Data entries
——————

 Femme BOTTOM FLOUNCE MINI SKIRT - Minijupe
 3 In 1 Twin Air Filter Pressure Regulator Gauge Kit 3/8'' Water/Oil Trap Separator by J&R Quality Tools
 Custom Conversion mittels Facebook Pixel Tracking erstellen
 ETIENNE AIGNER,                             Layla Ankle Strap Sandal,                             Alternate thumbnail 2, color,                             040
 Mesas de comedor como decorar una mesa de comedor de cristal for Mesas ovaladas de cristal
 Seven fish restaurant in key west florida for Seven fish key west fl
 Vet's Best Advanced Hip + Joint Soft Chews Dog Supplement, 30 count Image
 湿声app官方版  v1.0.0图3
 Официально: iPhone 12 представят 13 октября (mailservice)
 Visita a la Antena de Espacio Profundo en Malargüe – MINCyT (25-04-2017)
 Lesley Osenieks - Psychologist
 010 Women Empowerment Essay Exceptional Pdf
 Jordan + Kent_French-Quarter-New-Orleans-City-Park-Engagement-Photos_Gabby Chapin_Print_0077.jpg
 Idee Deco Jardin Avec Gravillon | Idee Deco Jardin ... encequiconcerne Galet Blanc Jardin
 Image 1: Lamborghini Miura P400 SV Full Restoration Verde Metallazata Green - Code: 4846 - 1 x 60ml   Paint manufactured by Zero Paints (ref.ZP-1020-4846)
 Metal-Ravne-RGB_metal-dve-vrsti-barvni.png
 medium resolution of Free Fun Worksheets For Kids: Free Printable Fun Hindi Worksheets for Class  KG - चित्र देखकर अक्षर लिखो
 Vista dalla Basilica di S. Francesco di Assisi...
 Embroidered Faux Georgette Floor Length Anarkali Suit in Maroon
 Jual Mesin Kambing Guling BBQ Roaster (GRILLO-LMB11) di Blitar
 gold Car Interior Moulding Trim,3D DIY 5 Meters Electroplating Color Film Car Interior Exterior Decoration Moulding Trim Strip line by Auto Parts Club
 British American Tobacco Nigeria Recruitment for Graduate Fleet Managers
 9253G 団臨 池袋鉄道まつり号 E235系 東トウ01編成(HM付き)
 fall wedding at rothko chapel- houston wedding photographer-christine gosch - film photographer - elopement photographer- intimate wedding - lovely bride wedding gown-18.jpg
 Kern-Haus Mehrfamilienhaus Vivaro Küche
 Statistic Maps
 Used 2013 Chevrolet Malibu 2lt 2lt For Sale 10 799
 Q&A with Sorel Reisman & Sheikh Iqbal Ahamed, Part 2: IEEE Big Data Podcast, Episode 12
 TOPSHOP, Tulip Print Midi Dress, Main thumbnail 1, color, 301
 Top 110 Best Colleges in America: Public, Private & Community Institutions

——————

• **Work required**: Give back, exactly as written, the stretch from the line with "Custom Conversion mittels" through the line with "9253G 団臨 池袋鉄道まつり号 E235系 東トウ01編成(HM付き)", and no other lines from the records above.

• **Solution**:
 Custom Conversion mittels Facebook Pixel Tracking erstellen
 ETIENNE AIGNER,                             Layla Ankle Strap Sandal,                             Alternate thumbnail 2, color,                             040
 Mesas de comedor como decorar una mesa de comedor de cristal for Mesas ovaladas de cristal
 Seven fish restaurant in key west florida for Seven fish key west fl
 Vet's Best Advanced Hip + Joint Soft Chews Dog Supplement, 30 count Image
 湿声app官方版  v1.0.0图3
 Официально: iPhone 12 представят 13 октября (mailservice)
 Visita a la Antena de Espacio Profundo en Malargüe – MINCyT (25-04-2017)
 Lesley Osenieks - Psychologist
 010 Women Empowerment Essay Exceptional Pdf
 Jordan + Kent_French-Quarter-New-Orleans-City-Park-Engagement-Photos_Gabby Chapin_Print_0077.jpg
 Idee Deco Jardin Avec Gravillon | Idee Deco Jardin ... encequiconcerne Galet Blanc Jardin
 Image 1: Lamborghini Miura P400 SV Full Restoration Verde Metallazata Green - Code: 4846 - 1 x 60ml   Paint manufactured by Zero Paints (ref.ZP-1020-4846)
 Metal-Ravne-RGB_metal-dve-vrsti-barvni.png
 medium resolution of Free Fun Worksheets For Kids: Free Printable Fun Hindi Worksheets for Class  KG - चित्र देखकर अक्षर लिखो
 Vista dalla Basilica di S. Francesco di Assisi...
 Embroidered Faux Georgette Floor Length Anarkali Suit in Maroon
 Jual Mesin Kambing Guling BBQ Roaster (GRILLO-LMB11) di Blitar
 gold Car Interior Moulding Trim,3D DIY 5 Meters Electroplating Color Film Car Interior Exterior Decoration Moulding Trim Strip line by Auto Parts Club
 British American Tobacco Nigeria Recruitment for Graduate Fleet Managers
 9253G 団臨 池袋鉄道まつり号 E235系 東トウ01編成(HM付き)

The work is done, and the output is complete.